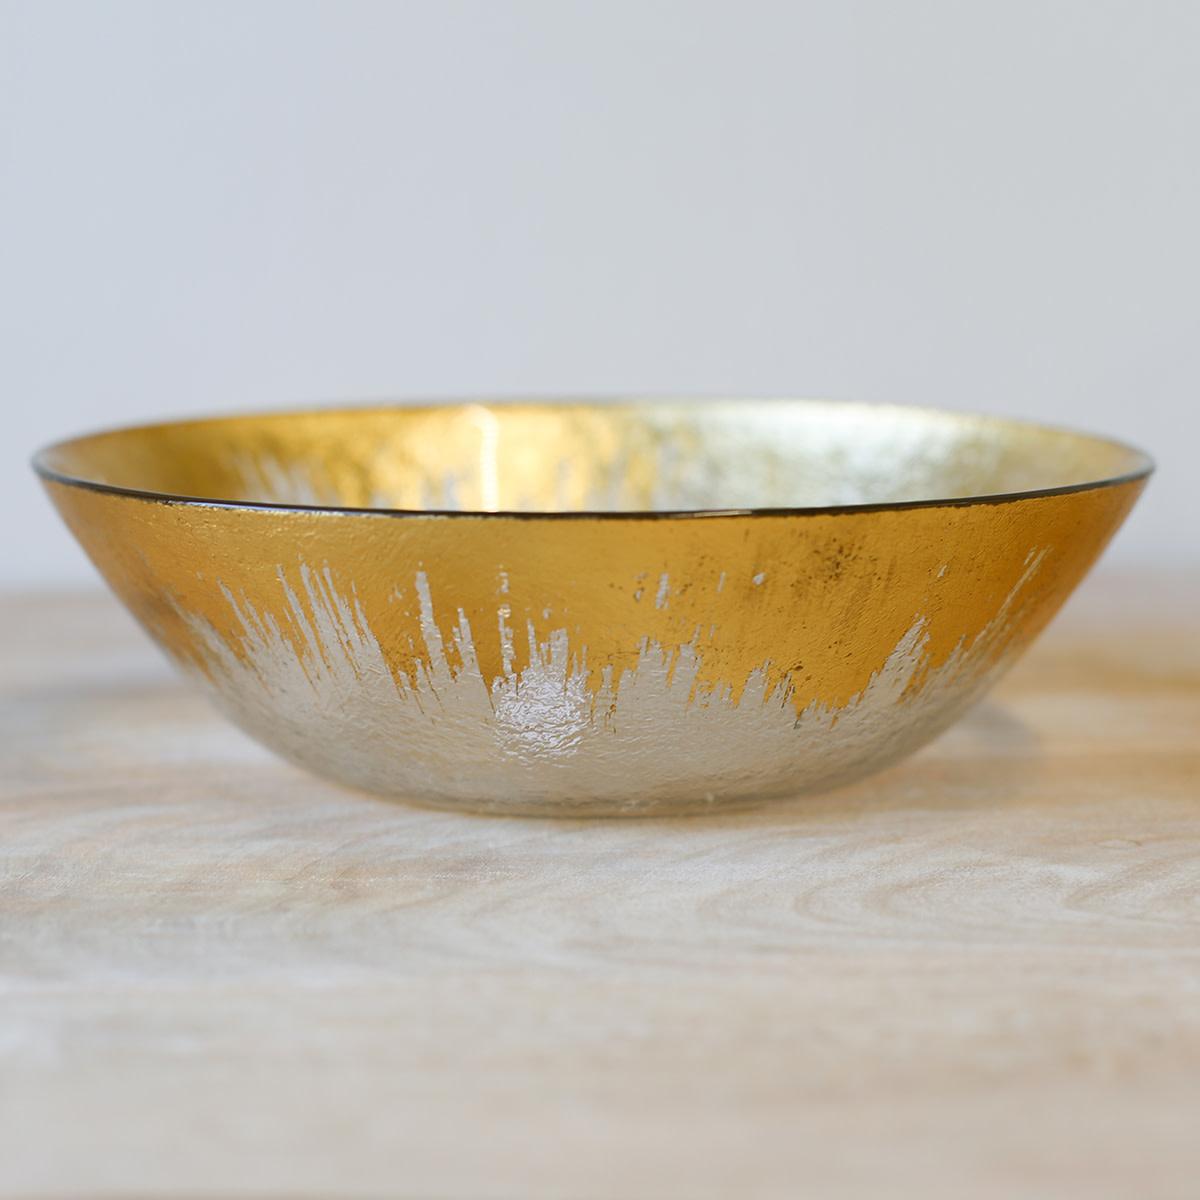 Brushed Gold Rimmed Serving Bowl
...
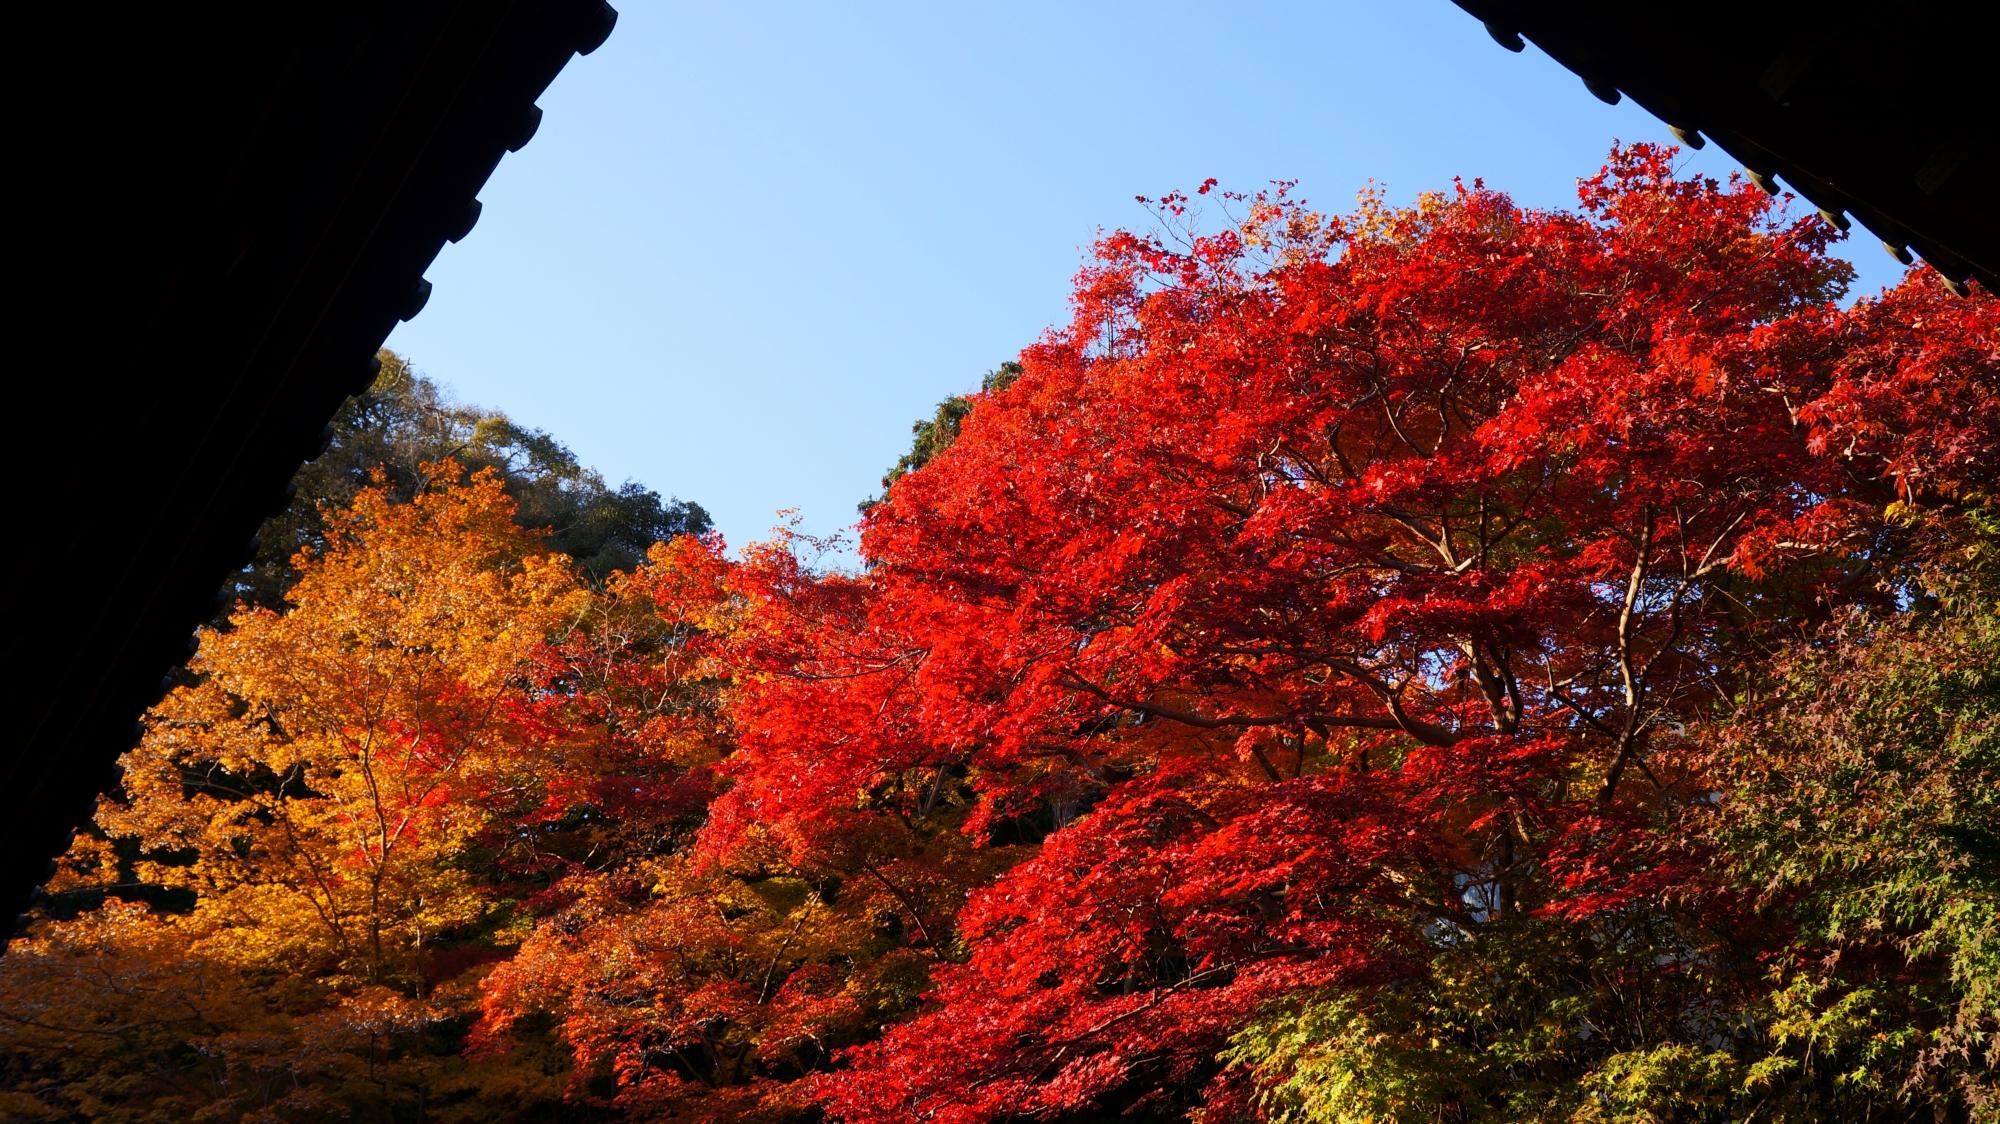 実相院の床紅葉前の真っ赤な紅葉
--
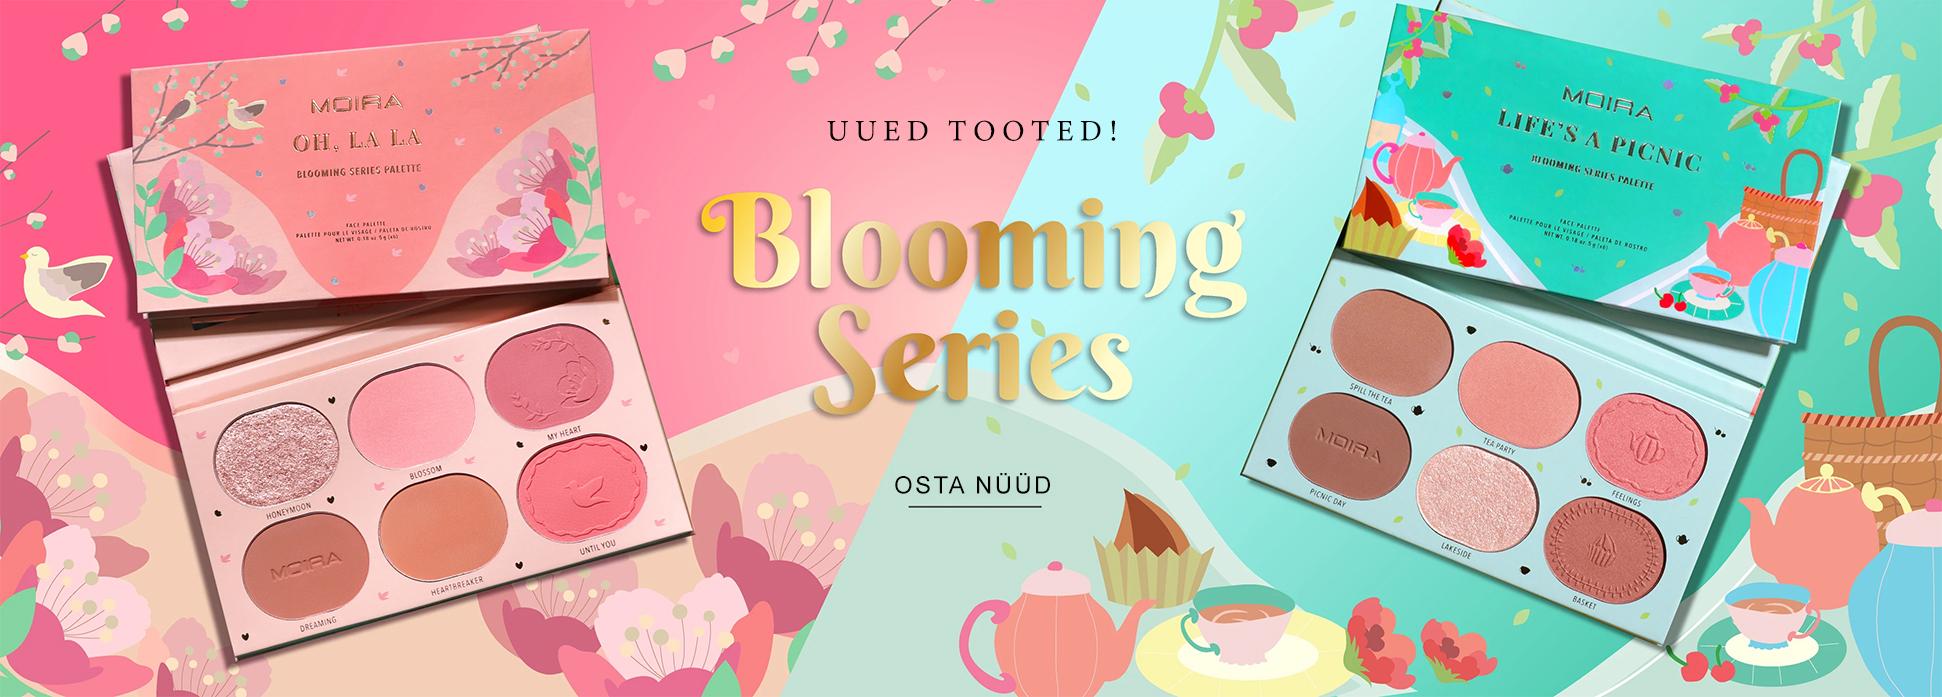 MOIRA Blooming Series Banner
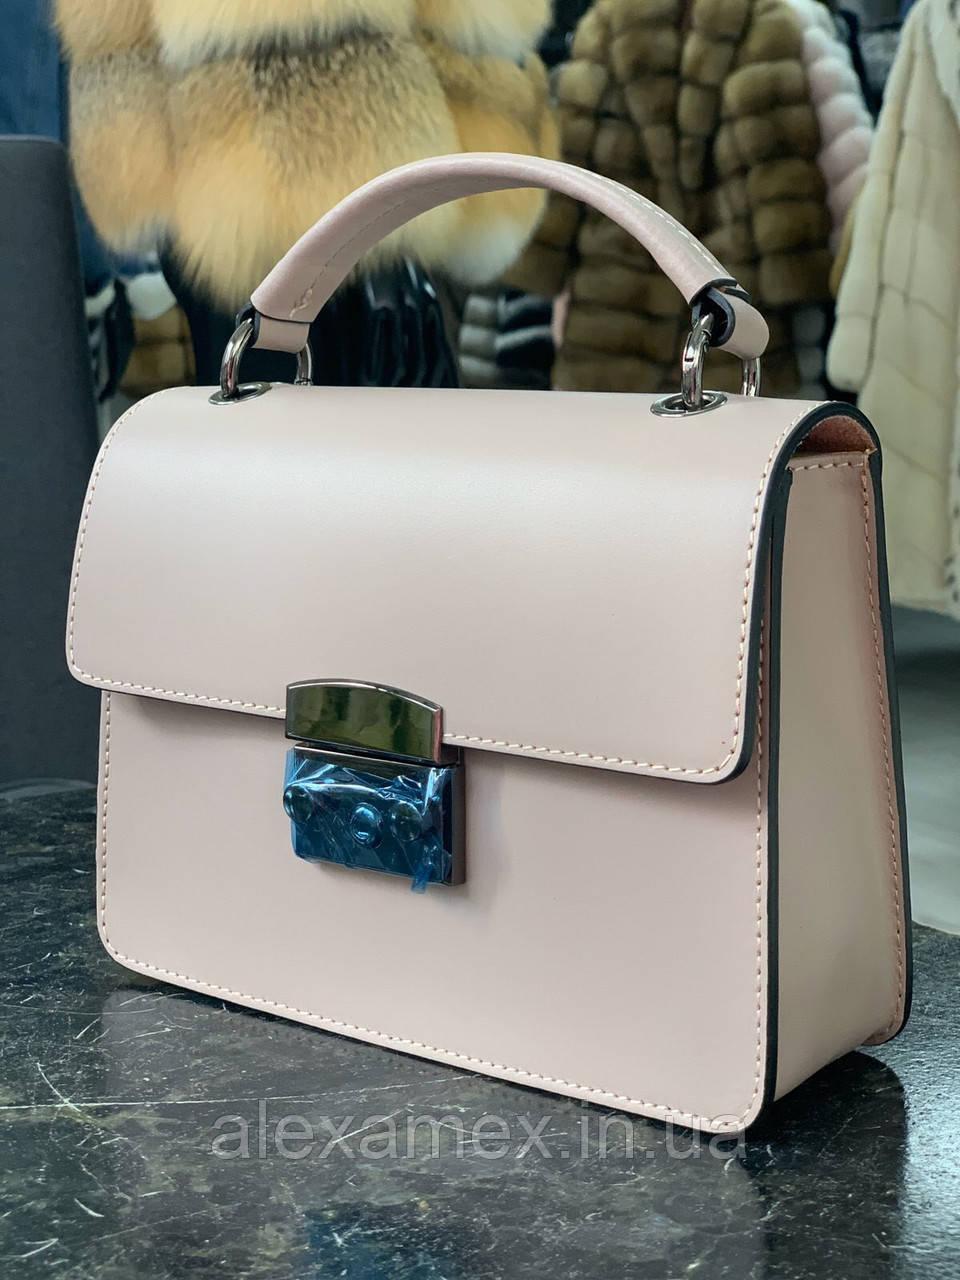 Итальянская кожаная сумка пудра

→ **Action item**: Every line above between the one containing "MOIRA Blooming Series Banner" and the one containing "Итальянская кожаная сумка пудра", those two included, is to be printed exactly. No pictures go into the copy.

→ **Solution**:
 MOIRA Blooming Series Banner
 Итальянская кожаная сумка пудра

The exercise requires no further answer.